→ Source data:
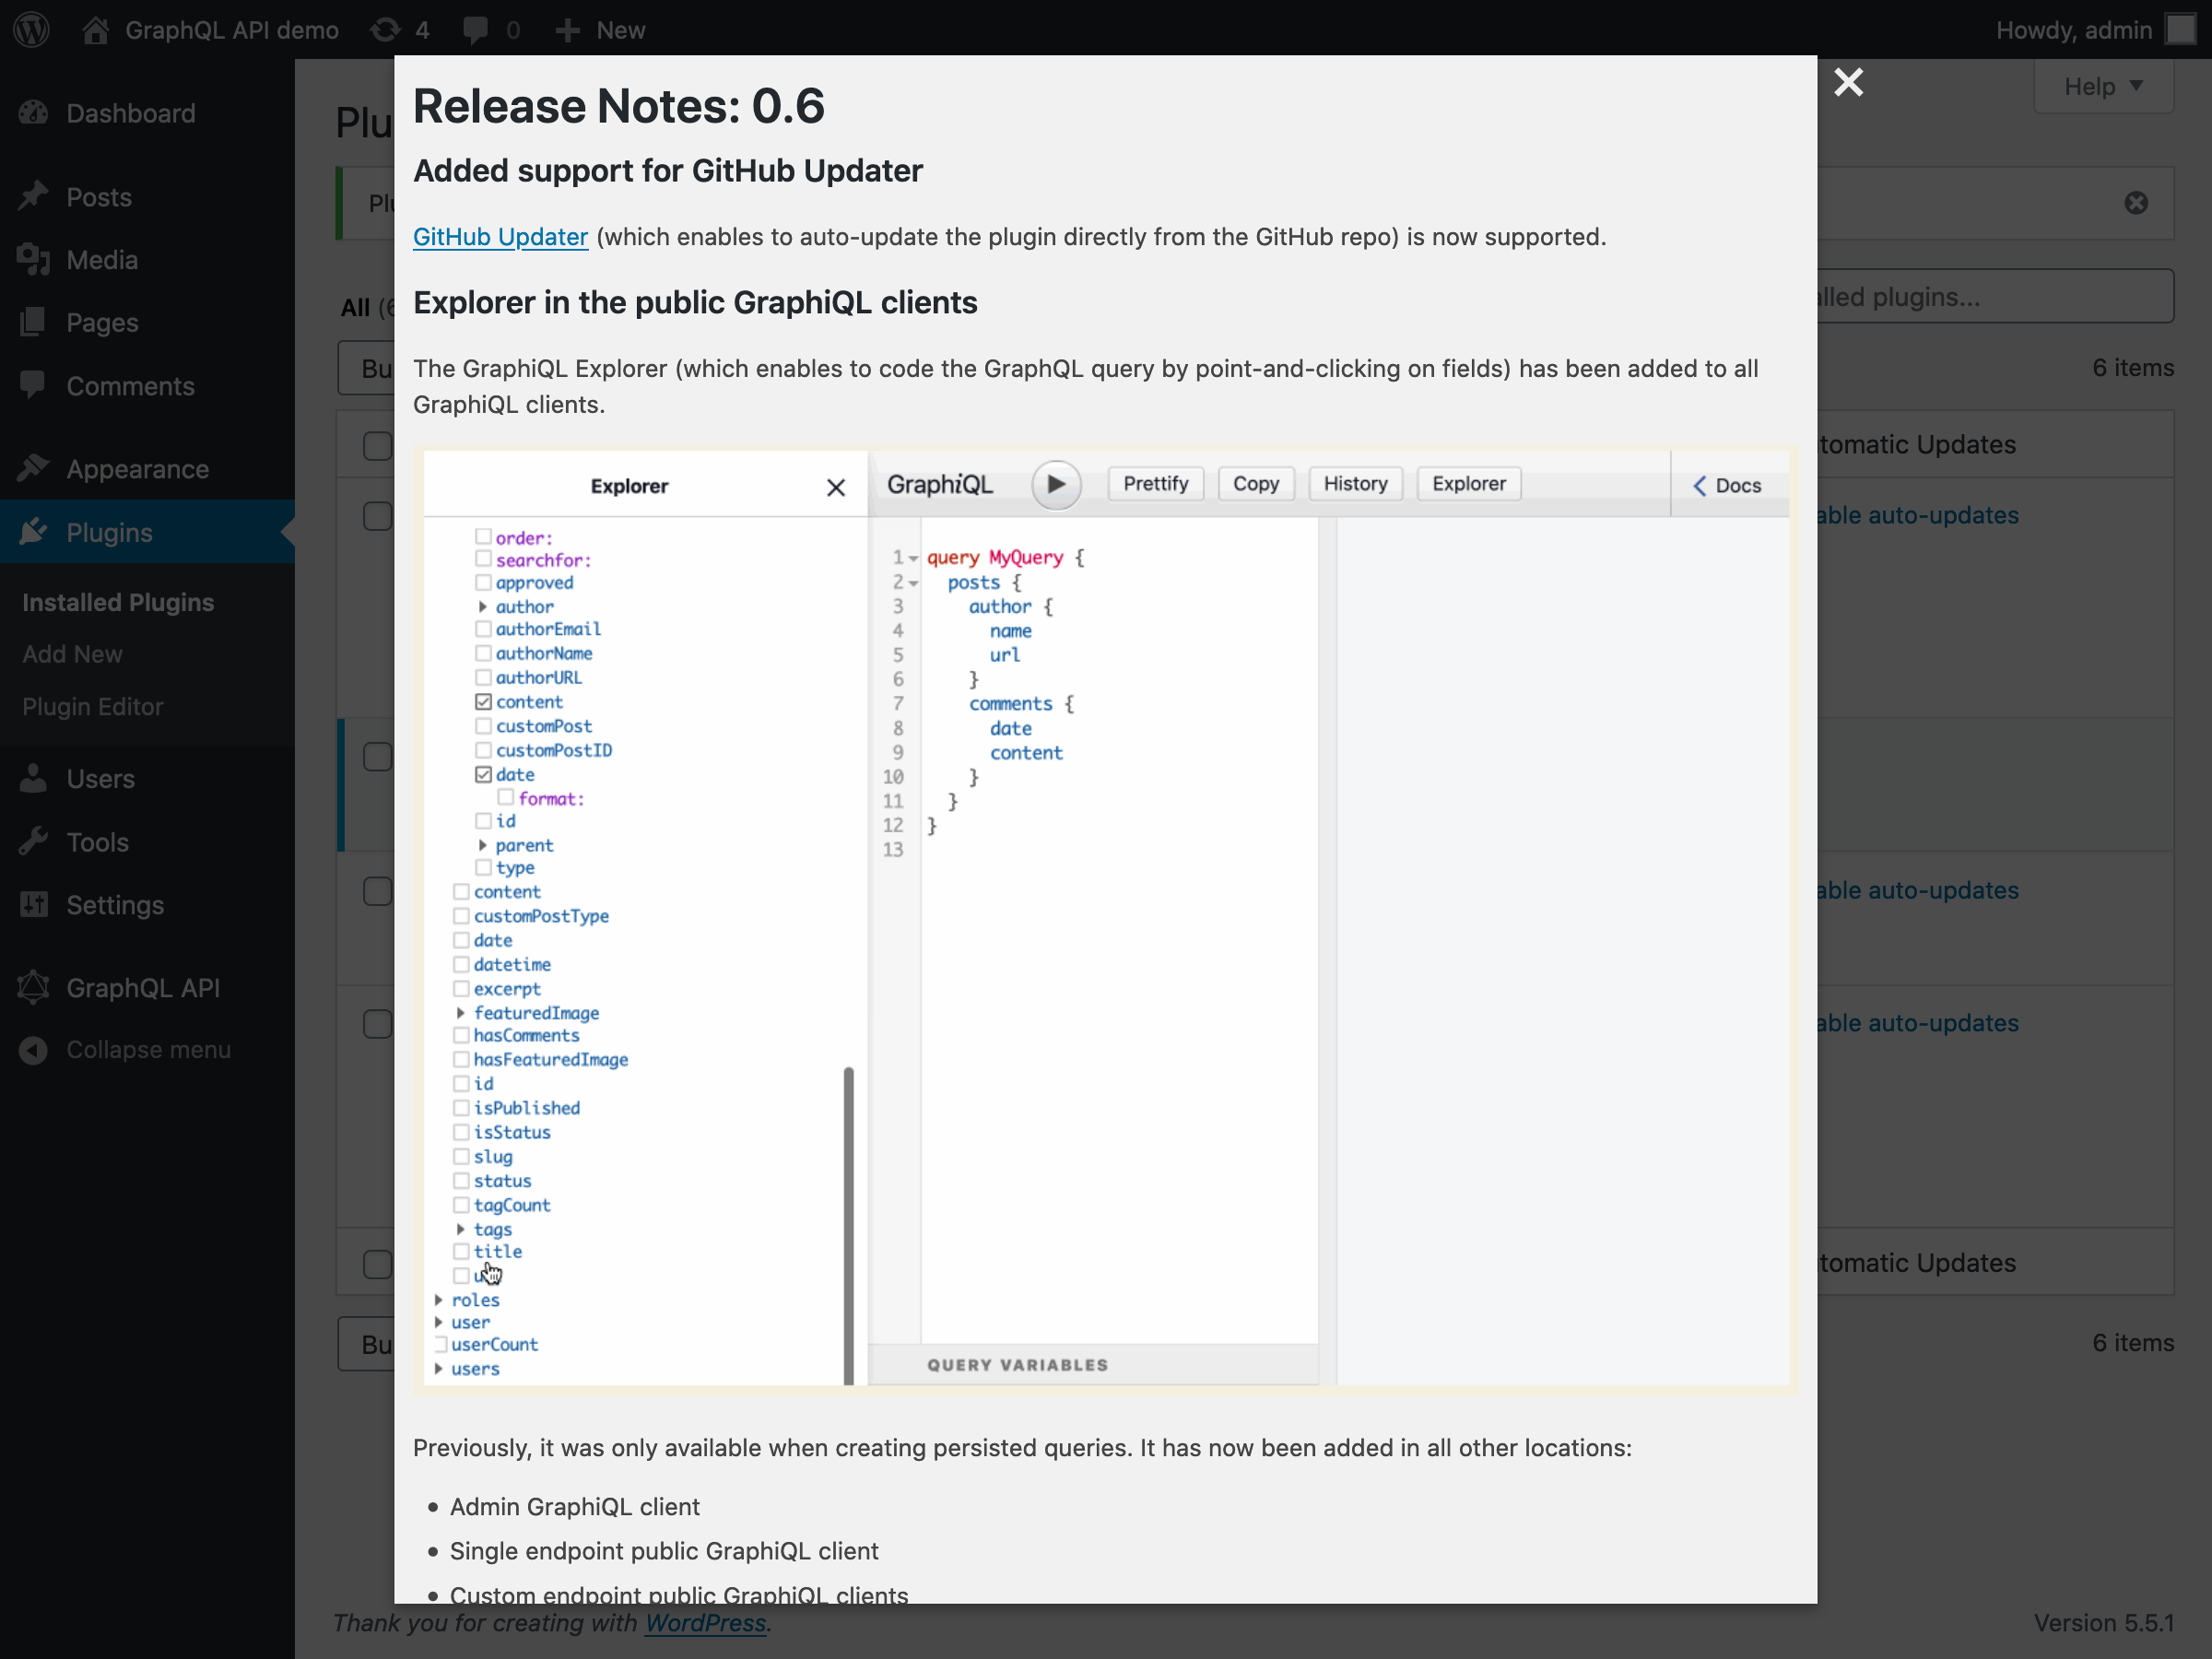 Release notes in a modal window
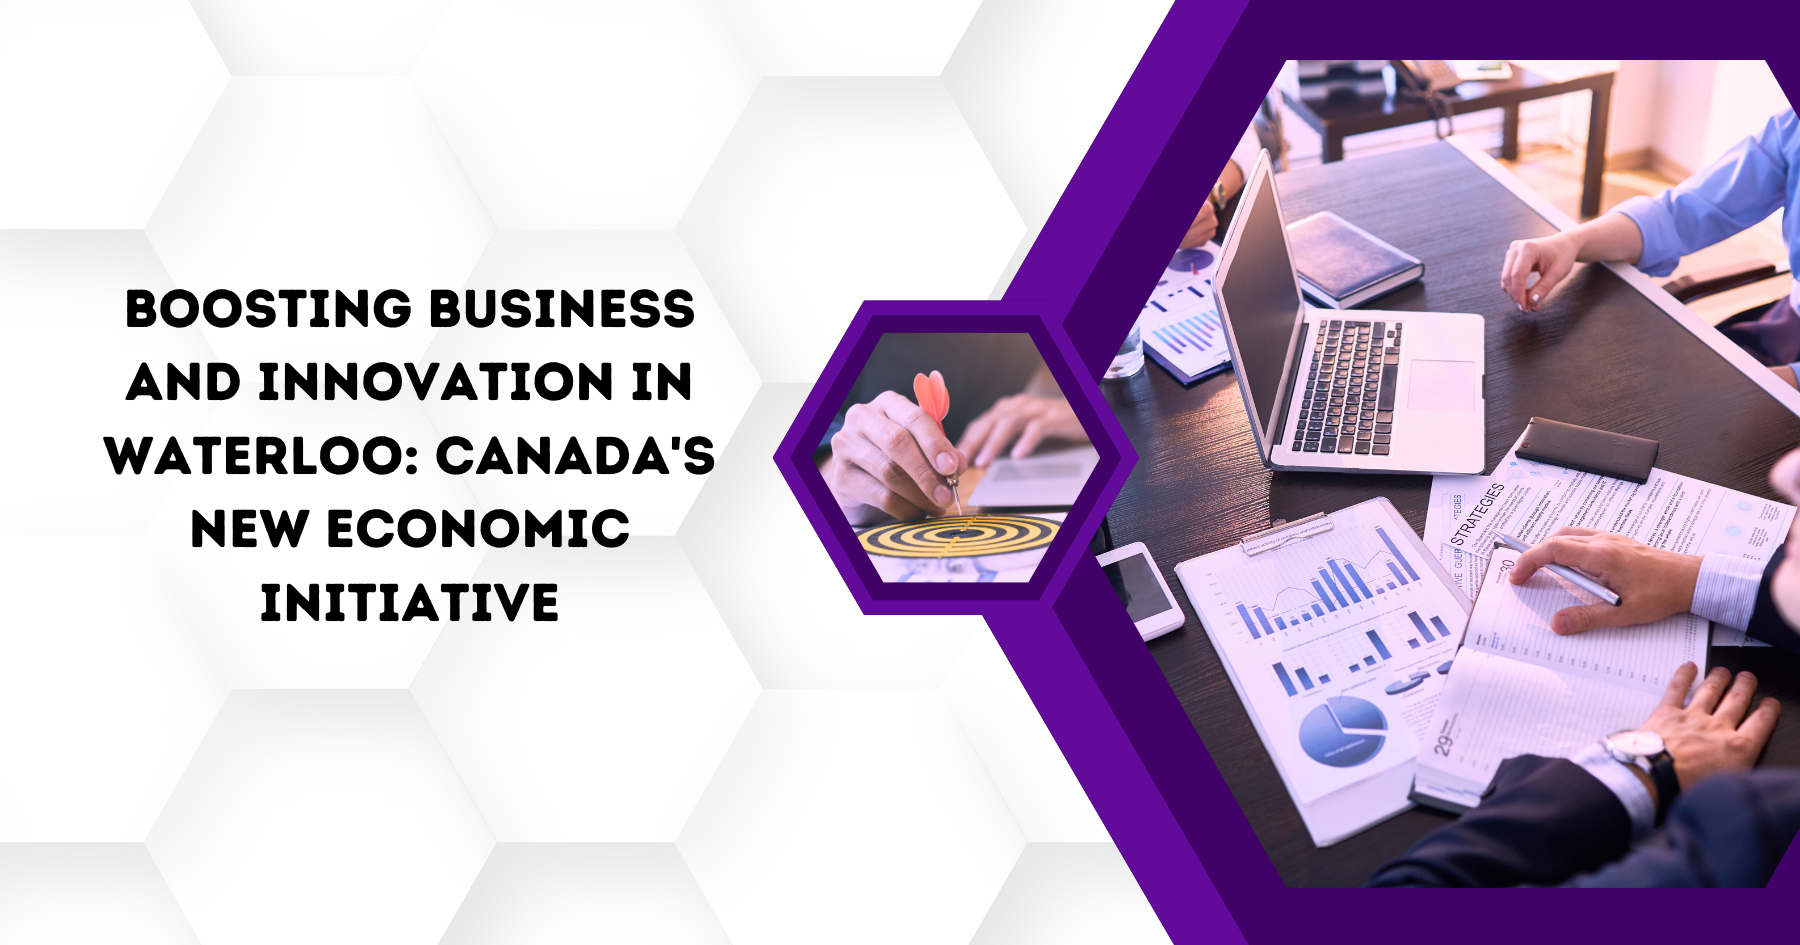 Boosting Business and Innovation in Waterloo Canada's New Economic Initiative
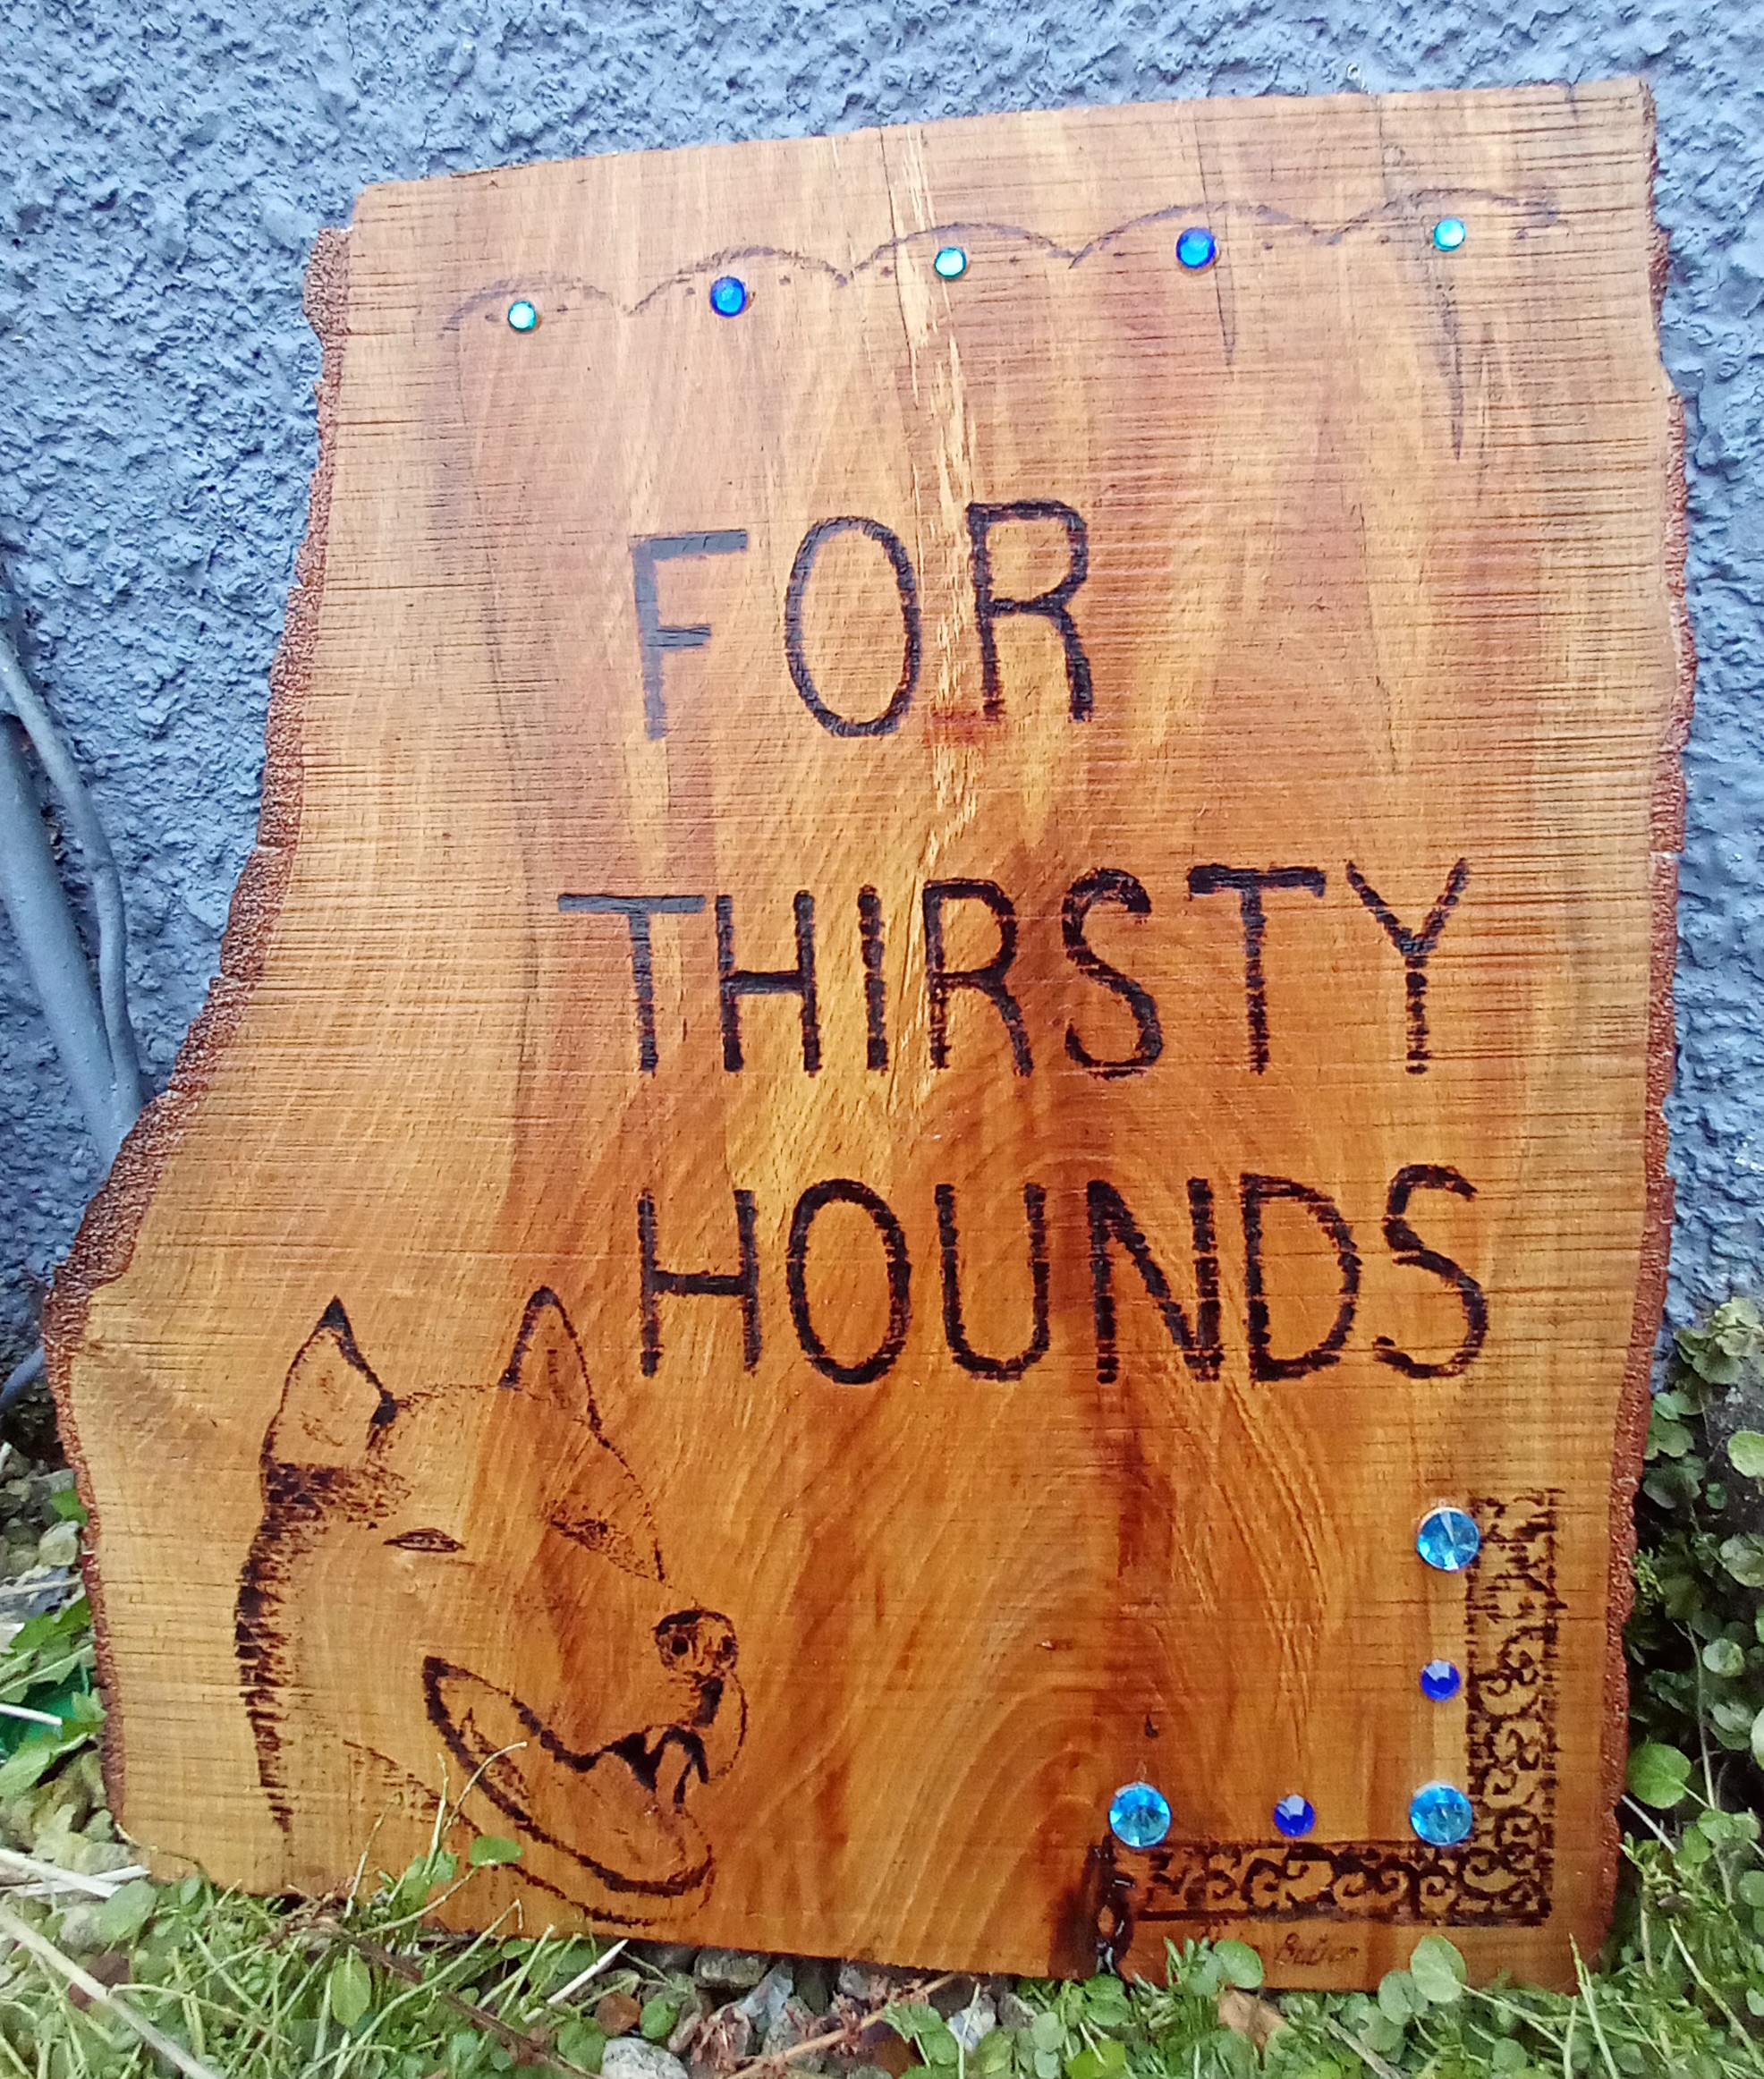 Dog watering sign made for The Crinan Canal

→ About this task: Repeat the listing verbatim. Skip the pictures.

→ Answer box:
 Release notes in a modal window
 Boosting Business and Innovation in Waterloo Canada's New Economic Initiative
 Dog watering sign made for The Crinan Canal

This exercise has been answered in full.